Ceramics in Orthopaedic Applications - The Use of Alumina and Zirconia in Total Hip Replacements

Degenerative joint disease is recognised as an increasing problem for society, a direct result of an ageing population. During 2000, joint replacement procedures numbered more than 1.6 million, most performed as a result of arthritis.

Arthritis and Other Degenerative Joint Problems

The word arthritis literally means joint inflammation. There are several forms of arthritis, most of which affect the joints of the body. Osteoarthritis is the most common form, and the hip is one of the common joints affected by this. Osteoarthritis is a degeneration of the articular surface of the joints.

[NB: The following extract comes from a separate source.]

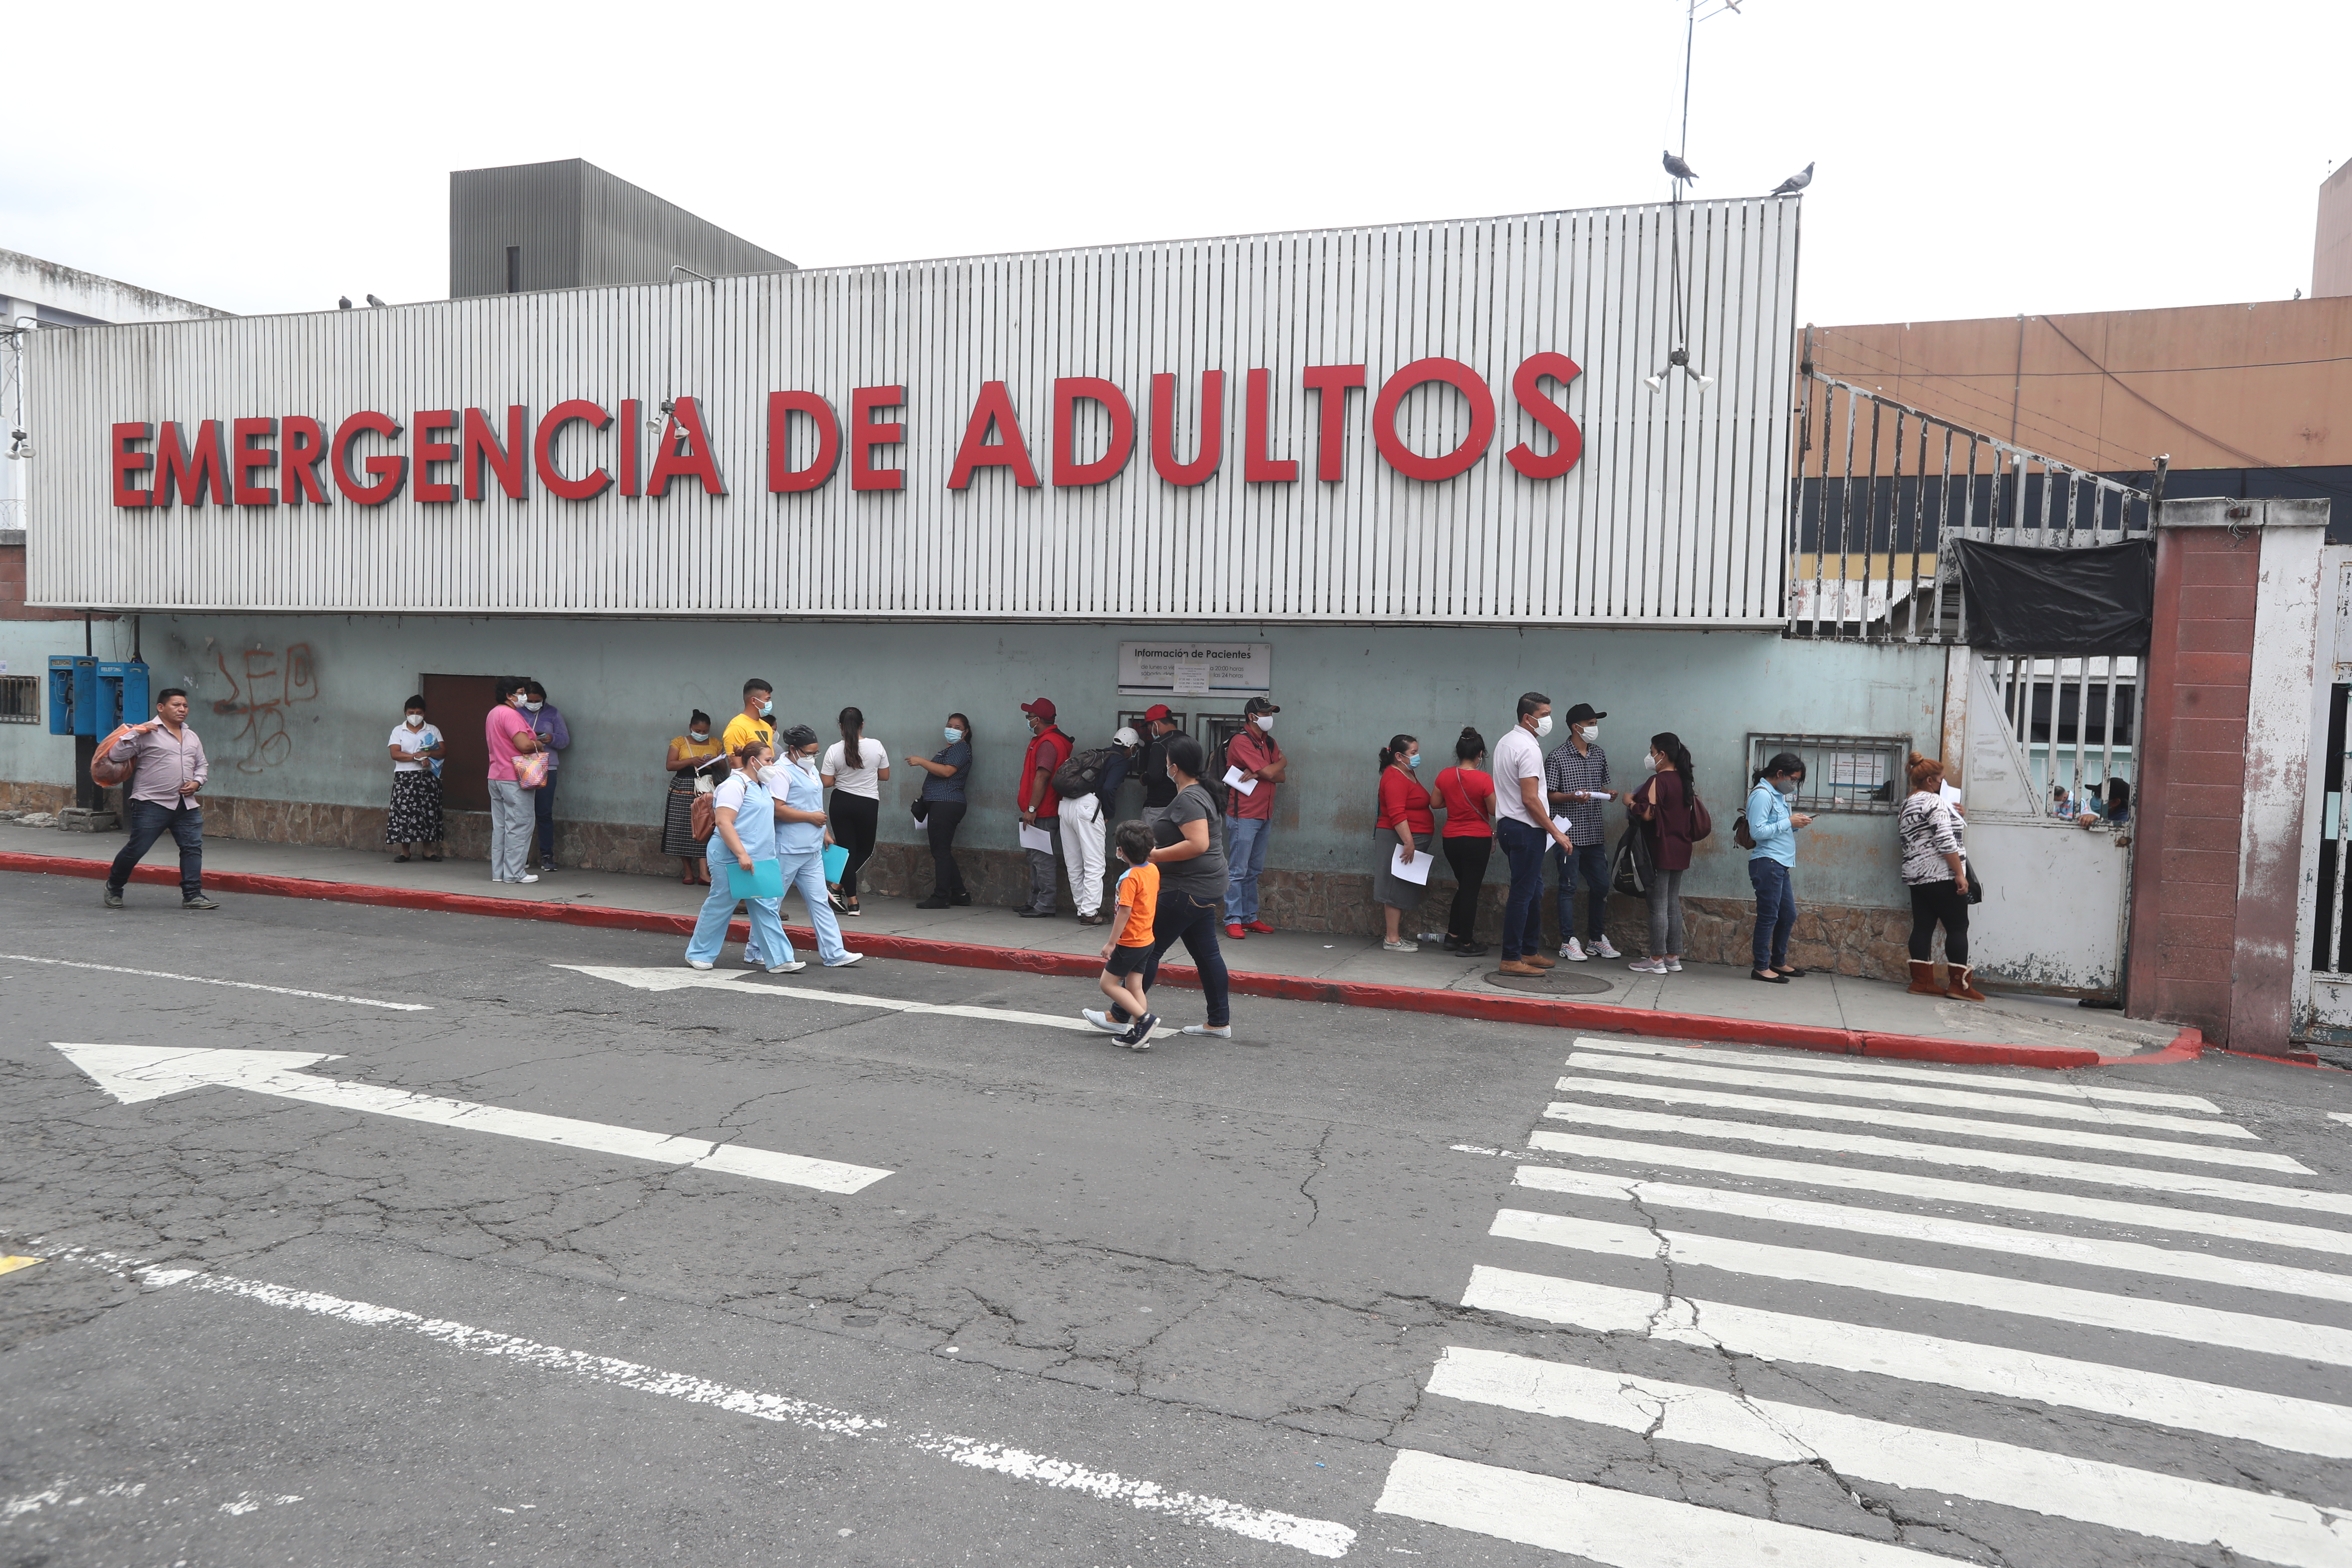 Cientos de personas haciendo fila en el hospital San Juan de Dios muchas personas madrugaron para realizarse pruebas de covid-19.
(Foto Prensa Libre: HemerotecaPL)

It is a degenerative process, which directly results in the wearing out of the cartilage on the joint surface. Over time the joint surfaces slowly erode away until the underlying bone is exposed. Exposed bone results in a painful joint when it moves and bears weight. As a result, hip pain and stiffness increases and the bones grate together. Other hip problems that produce similar symptoms include, rheumatoid arthritis, avascular necrosis (injury and loss of blood supply to the bones).

Arthritis Occurrence Around the World

Three million Australians already suffer what is the most common disabling disease in Australia. An estimated 500 million people throughout the world suffer from arthritis - more than 17 million people young and old with rheumatoid arthritis (RA) and a further 190 million worldwide with osteoarthritis (OA), most over the age of 60.

Osteoarthritis and Joint Replacement

Osteoarthritis is the primary diagnosis leading to joint replacement. Since people over the age of 65 comprise the primary target for joint replacement, and growth of the world’s elderly population will outpace that for the overall population (200 to 400 percent over the next 30 years in emerging countries alone), the market for joint replacement products is expected to grow at a steady rate of five to ten percent annually over the next few decades.

Cost and Revenue Generated by Joint Replacement

Recent research by Access Economics put the cost of arthritis to the economy in Australia at $9 billion a year treatment, hospitalisation and lost production.

Revenues generated by sales of total orthopaedic products worldwide exceeded, US$13 billion in 2000, an increase of 12 percent over 1999 revenues.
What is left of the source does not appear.